The goal of the endocarditis team should be to prevent the development of complications. In this context, decision-making on the timing for intervention is crucial to prevent embolic complications. Surgery should be performed at early stages in patients with large vegetations or intra-cardiac prosthetic material, where the risk of embolization or development of perivalvular abscesses is high (18,19). Delaying surgery in hemodynamically stable patients with adequate antimicrobial therapy but with established indication for surgery is not associated with further benefits or is even detrimental according to a number of observational studies (21-25).

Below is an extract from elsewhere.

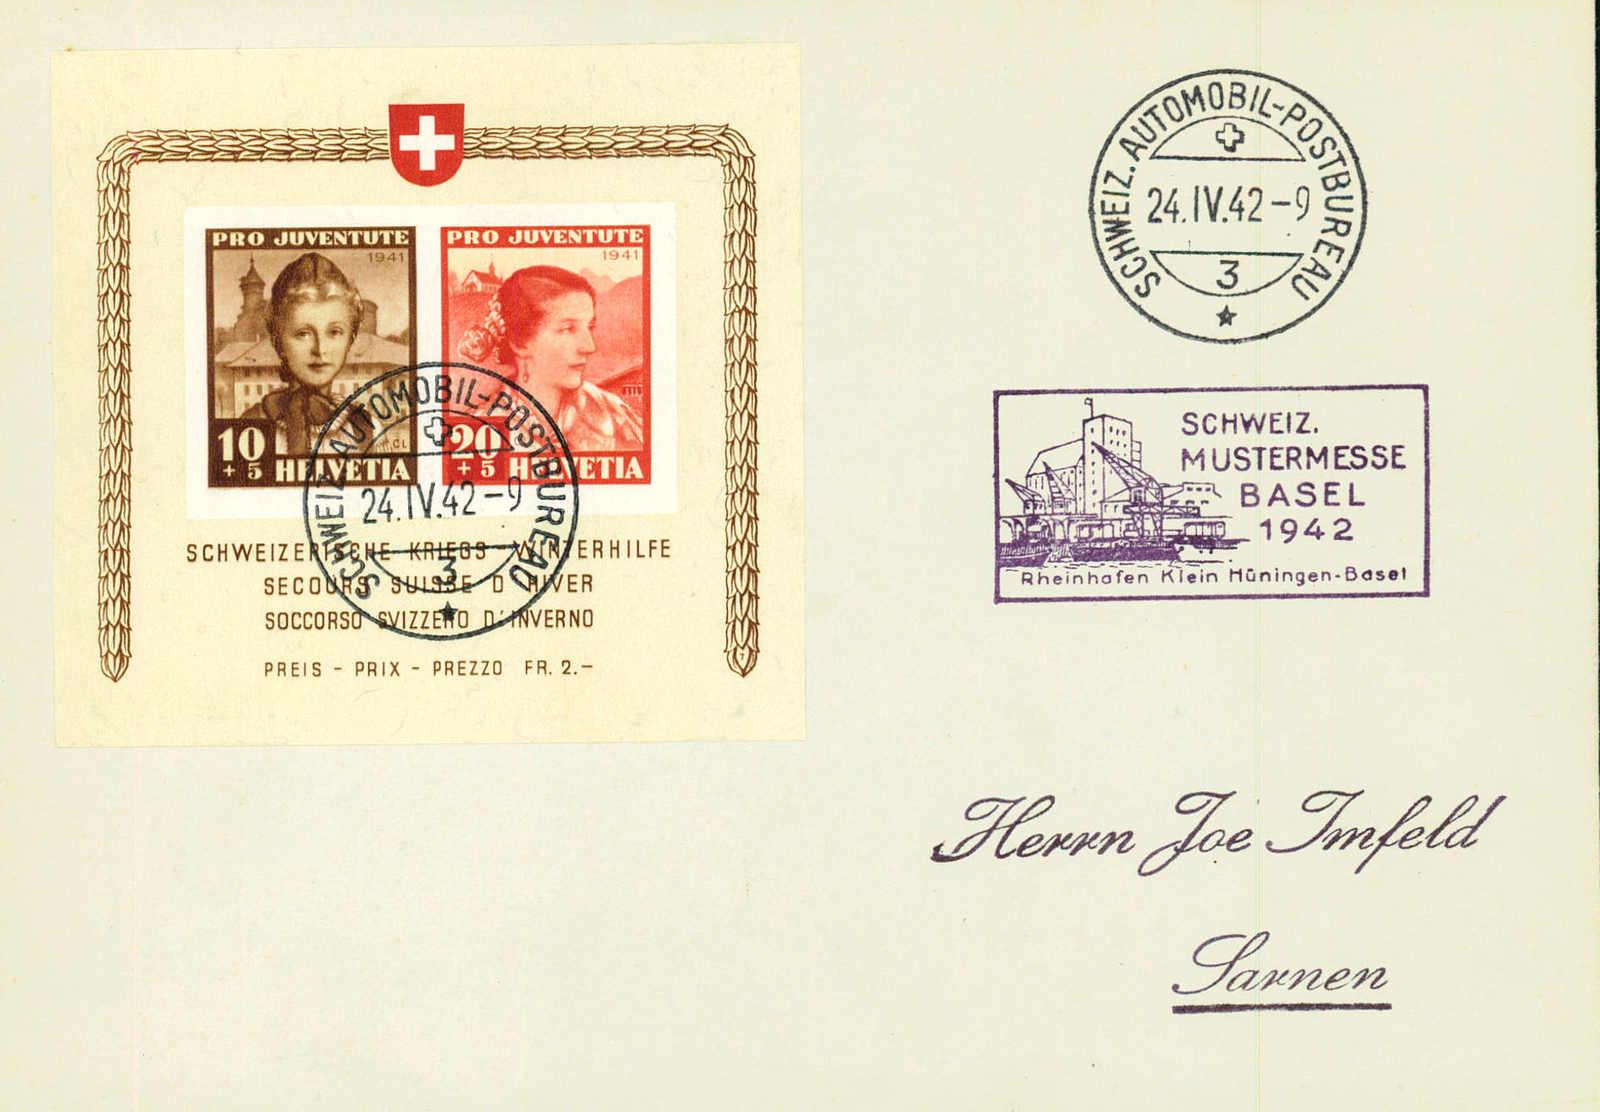 Lot 1051 - pro juventute  -  MH Marken GmbH Auktion 118

The decision of the correct therapeutic strategy to be applied in patients with IE and neurological complications is a very challenging. The lines ESC and ACC/AHA provide substantially univocal indications although they present some differences (Table 5). There are many neurological complications that can be observed during IE: ischemic stroke, cerebral hemorrhage (ICH), cerebral microbleeds, intracranial infectious aneurysms, and remote dissemination of infectious foci.
In ischemic stroke, the guidelines seem to suggest early surgery. However, while on the one hand the removal of the embolic source would protect the patient from future embolic events, on the other hand there it has been reported an increase in the onset of further neurological complications in patients undergoing early surgery (26,27). An analysis of the available literature provides contradictive findings. While some studies suggest that delayed surgery in stroke patients would correspond to an improvement in the clinical outcomes (28,29), more recent report and meta-analysis of observational studies contest these hypotheses and showed that early surgery is non-inferior to delayed surgery for major stroke patients and would even improve outcomes in minor stroke patients (30,31).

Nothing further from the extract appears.